Standing alone in the middle of the ocean, there is no denying the paradise you can find on islands – sunshine, beaches, palm trees – the cliché of island life is perpetuated by their uniqueness, no island is like another.

Islands are often thought of as a picture of paradise – palm trees and white sandy beaches (Credit: Dr Vivien Cumming)

To some people they may seem isolated from the rest of the world but it’s this very isolation that makes them so unique, an isolation that allows for unrivalled biodiversity, holding species found nowhere else on Earth and providing a haven for marine life. Each island is a different home and habitat for creatures above and below the water line.

The definition of an island is; ‘a piece of land surrounded by water.’ To count the number of islands on Earth is almost impossible, but it’s safe to say that there are hundreds of thousands. A country like Indonesia is made up of over 17,000 islands alone. Larger islands like Greenland, Earth’s largest island with an area of 2,130,800 square kilometres, are major landmasses affecting ocean and atmospheric currents and some of our planets major climatic processes.

Sea-level rise is affecting many islands, particularly problematic for coastal dwelling populations and low-lying islands (Credit: Dr Vivien Cumming)

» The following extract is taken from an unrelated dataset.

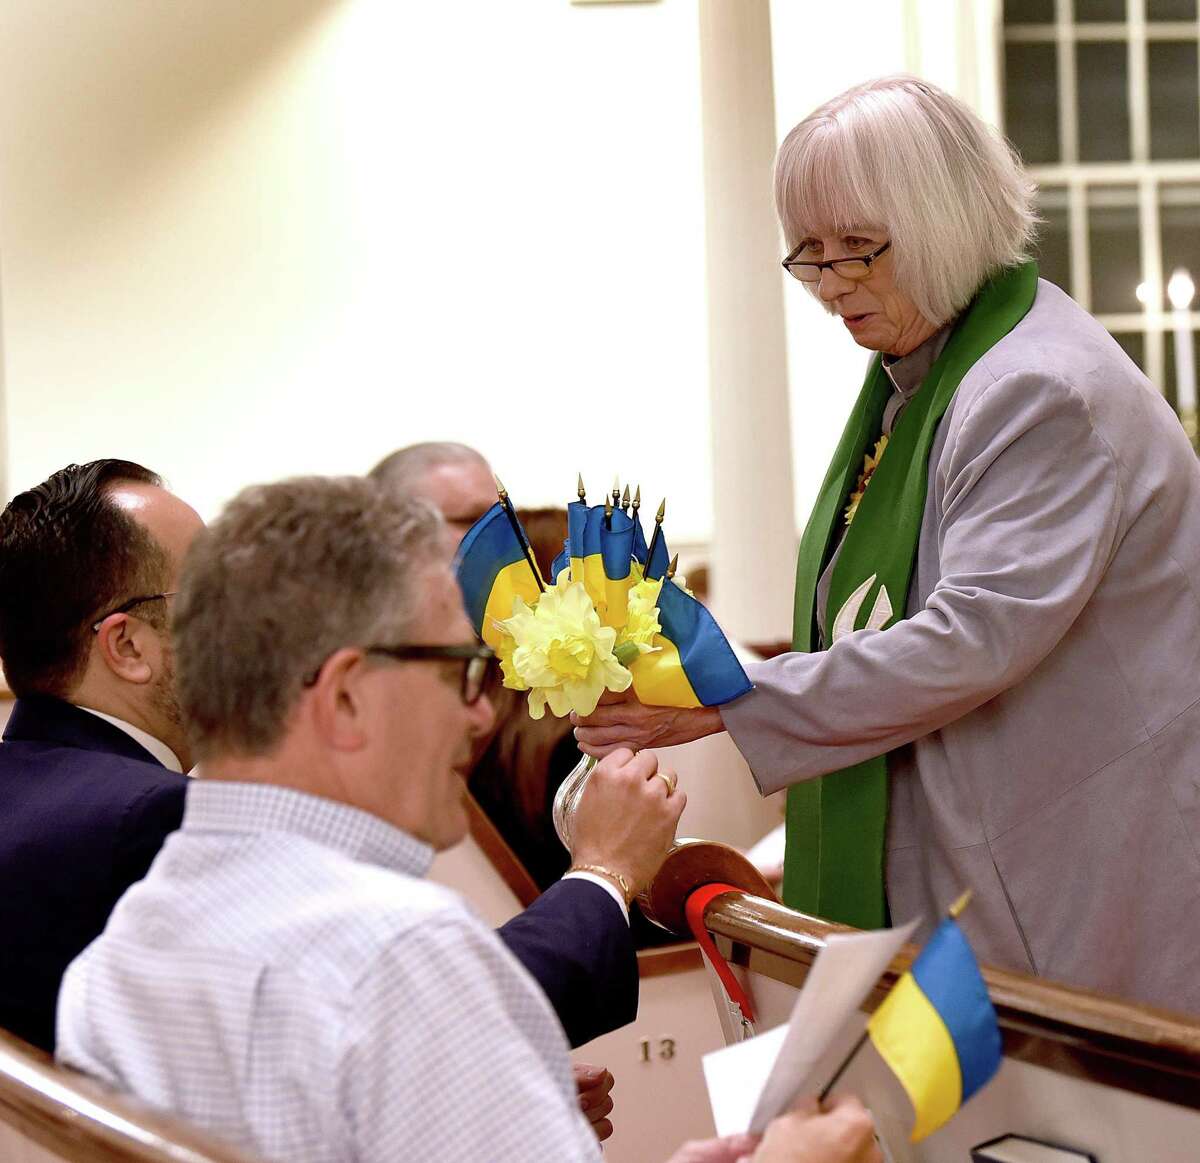 The Rev. Pat Kriss, Pastor of First Congregational Church in Danbury, passes out flowers and a small Ukrainian flag at the start of a peace vigil for Ukraine and the world Monday evening, March 7, 2022.

Counting all the islands on Earth may be a futile exercise as the number is gradually diminishing. With rising sea levels due to climate degradation, islands are becoming smaller with the ocean encroaching. The Solomon Islands in the Pacific has already lost at least five islands to sea-level rise and coastal erosion and they weren’t just tiny uninhabited islands they were homes to families and supported tropical vegetation that could have been 300-years-old.

Turtle alone in the ocean off Hawaii (Credit: Dr Vivien Cumming)

This presents some big problems for our planets biodiversity. Most islands and the surrounding marine ecosystems hold many plants and animals that are endemic to the island – that is to say these species are found nowhere else on earth.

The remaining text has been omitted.